Untargeted Metabolic Profiling
In contrast, the challenge of untargeted metabolic profiling comes from the complexity of biofluids, which are composed of a wide range of metabolites that need to be identified. Thus, a comprehensive database is imperative to improve the identification of metabolites in order to characterize the metabolic pathways they take part in. Identification with version 2.0 of the Orbitrap GC-MS HRAM Metabolomics Library is based on searching acquired metabolites’ accurate mass spectra and RIs against the library. Typically, on a mass acquired on the Orbitrap only a small variation in the fourth decimal place is seen as compared to the theoretical mass of the library hit, which can considerably increase confidence in each metabolite identification. In addition, retention indexing in the library is extremely useful to differentiate geometrical isomers or confirm metabolites when their mass spectra are quite similar.
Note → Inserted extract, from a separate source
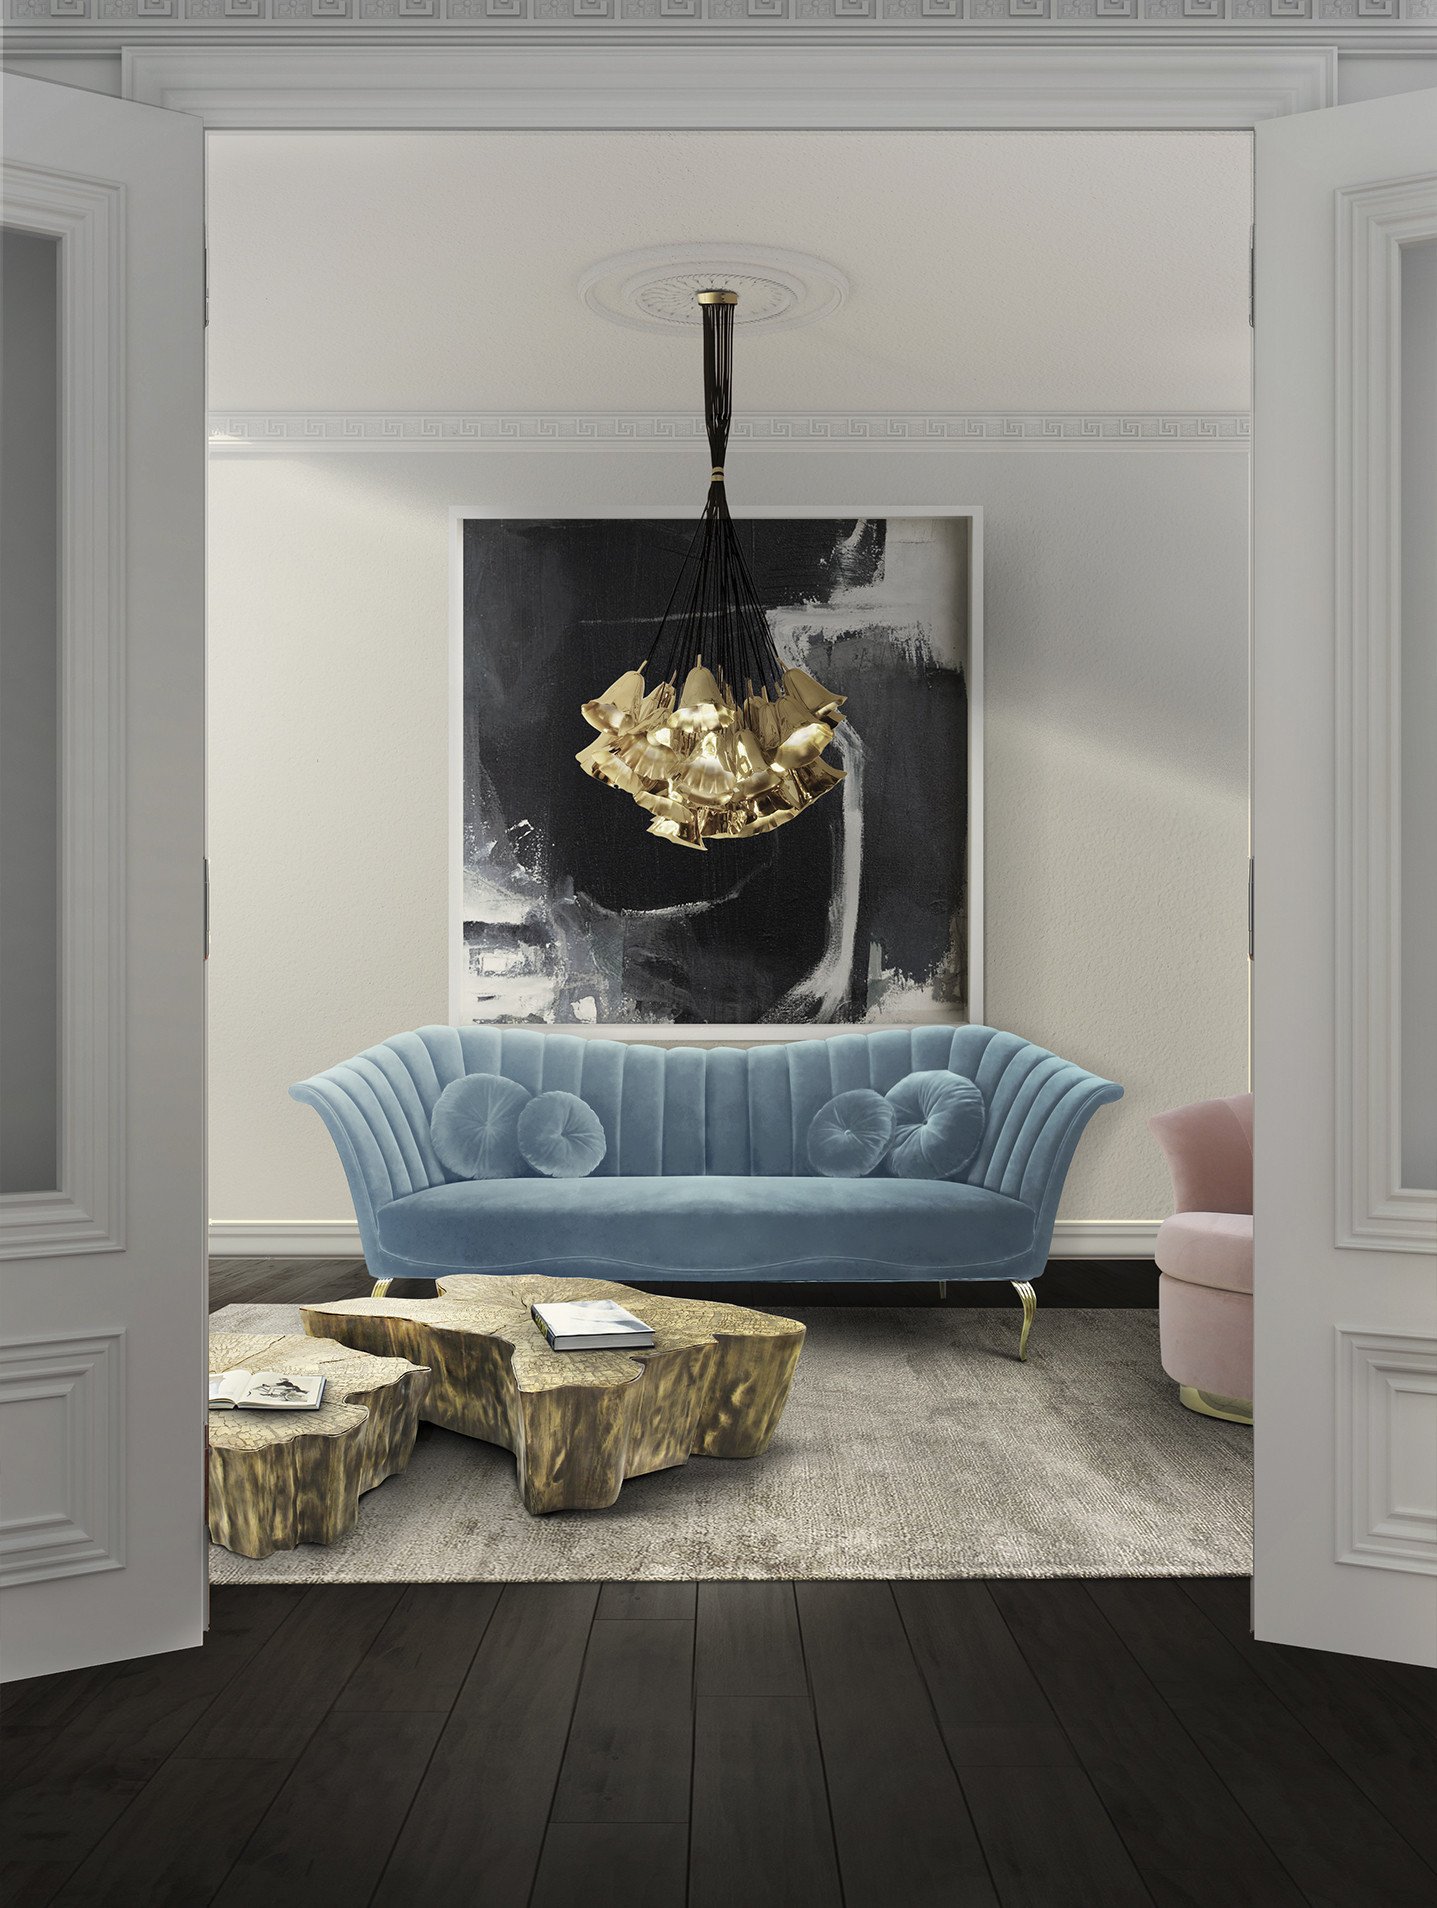 Bedroom Chairs for Sale Inspirational 16 Spectacular Gray Hardwood Floors Bedroom

Automated Metabolite Identification
Fully automated peak detection, deconvolution, and library search against reference spectra can be achieved using TraceFinder Deconvolution software coupled with the Orbitrap GC-MS HRAM Metabolomics Library. It is highly sensitive and selective software for peak deconvolution and identification.
As we all know, mass spectral match alone is sometimes insufficient for identification. This is especially true for isomeric identification, thus RI matching is a typical way for confirmation. The TraceFinder deconvolution software automatically calculates RI values for unknowns and matches them with library values. Also, a column polarity of each RI value will be pulled from the library for unambiguous comparison.
A total score is used to rank the library hit that includes weighting from the search index score (SI) and the high resolution filtering (HRF) score that is developed for HRAM data. The higher the total score, the more confident the identification. All ions are annotated in an extracted ion overlay window and can be added into a user-created compound database. Spectra for new metabolites can also be easily added into user-created libraries using the software.
A high-quality and well-curated GC-MS library is an essential tool to decrease workload and increase confident identifications for bench-chemists. More and more critical metabolites that likely would have been missed in the past due to lack of reference spectra can be confidently identified using GC-Orbitrap with its high-quality HRAM Metabolomics Library, which continues to be developed to facilitate both targeted and non-targeted metabolic profiling.